So first I hope someone would reply — because I'm not sure if I could go on with this project without some hope. The more effort in a reply or the more people — usually validates that fear for me more. But I understand if you don't want. Sorry for asking.

I'm not sure why. I can't remember. Maybe my mom made me feel like I don't deserve to be listened to — especially when communicating my stress. Always telling me it was natural for her to yell or get annoyed by my stress. Or whenever I discuss something I'm interested in, she would often be busy on her phone.

Maybe it's that my interests tended to be nerdy ones that have a reputation for being hard to understand that most people don't bother with. Maybe it's because I find it hard to read body language so I get shy when I can't read whether people are interested or not. I tend to think rather slowly and deeply — and the nature of most conversations that switch topics quickly in real life tend to get confusing for me. My therapist said something about social skills delay but I have to wait for a week for him to explain.

I've tried forums on the internet to discuss things. I could often see views. But I could not see whether they liked it. Or hated it. Or cared about it. Or anything. When I had a response, I always assumed they hated my response in some way and was lying when they said something good. I wrote over 100 long effortful articles for personal development that totaled 100,000 views and I could count the comments I received on my two hands. I wrote a journal on another forum but barely anyone bothered to read or talk to me.

In real life, I have friends — it's actually easy for others to like me despite a lack of social skills in some areas. But I would always go with the conversation topics they chose and the interests they had. I've learned how to listen to any topic and I felt a warmth with people I didn't have for a long time, but it seemed something was still missing. Whenever I'd get the chance to talk about what I wanted and someone responded well, I felt an incredible relief on a deep sadness I hadn't realized was there.

Then I came here. People seemed to respond more here — and in a more compassionate way I need. Even if I keep getting ashamed on communicating here — I keep thinking I don't deserve it.

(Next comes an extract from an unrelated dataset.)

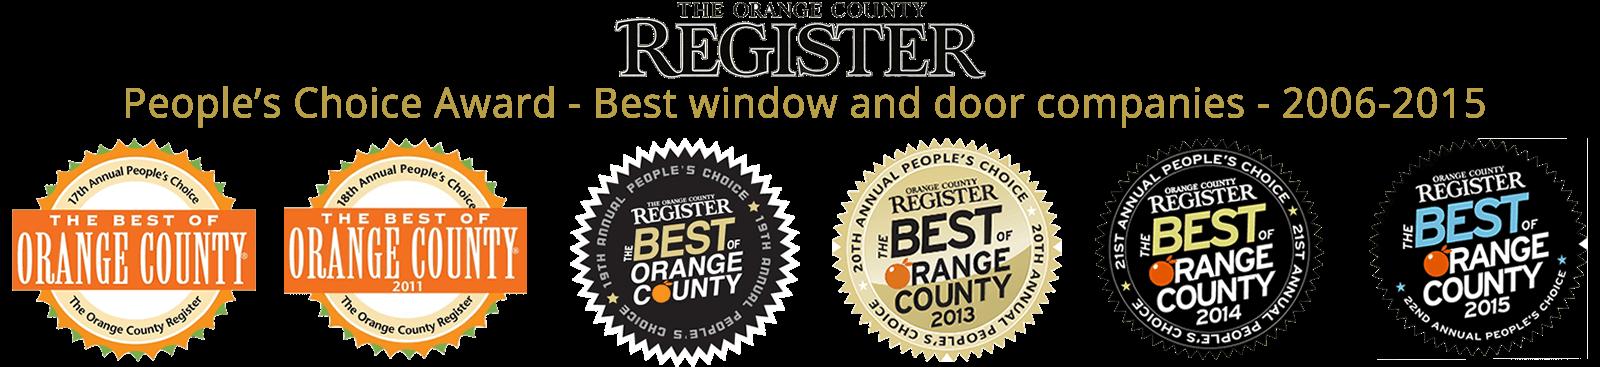 OC Register's People Choice Award Winner for Windows & Doors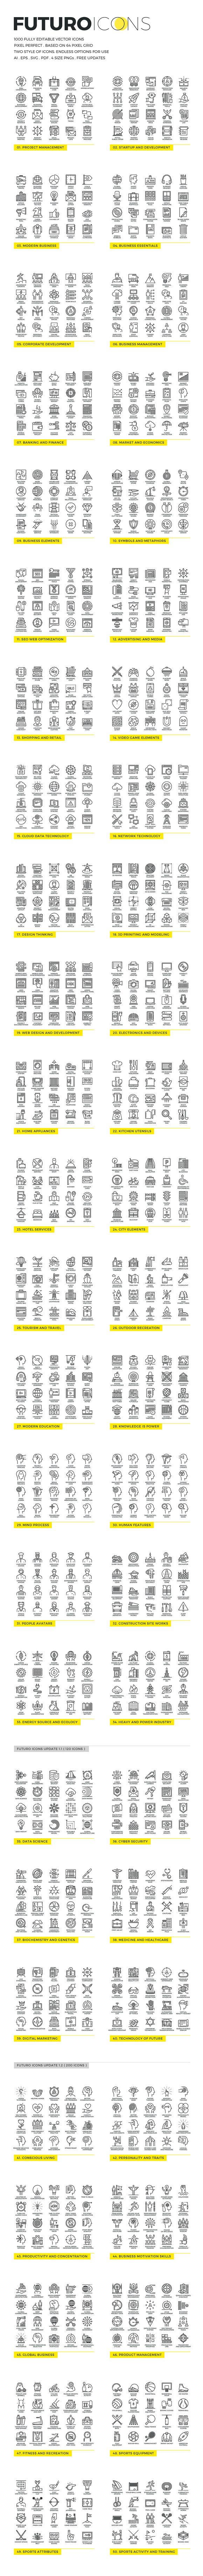 DEOUR - Webdesign Resources & Development - Futuro Line Icons by Bloomua

I tend to have a particular insecurity with how detailed my thinking is when I communicate — but I can't seem to control how my brain can't switch between topics that quickly and secondly, because I keep fearing being misunderstood in a way that makes people hate me.

Sigh. But I'll give it a try, and here I am.

#42
Dear Mom of My Childhood,

I've forgiven my mom in my present. The mom that said sorry. The mom that tried to change her words and actions. Yet I still remember and are hurt by you.

Sometimes you were kind. Loving. You made jokes. You said words of love. You were playful. Charming. Affable. Accepting.

But sometimes you were angry and critcizing. Everyone else saw you as incredibly warm and kind  so I thought this side of you was just . . . my fault. You gave donations to the poor. You were friendly looking and warm. You cried easily at sad movies.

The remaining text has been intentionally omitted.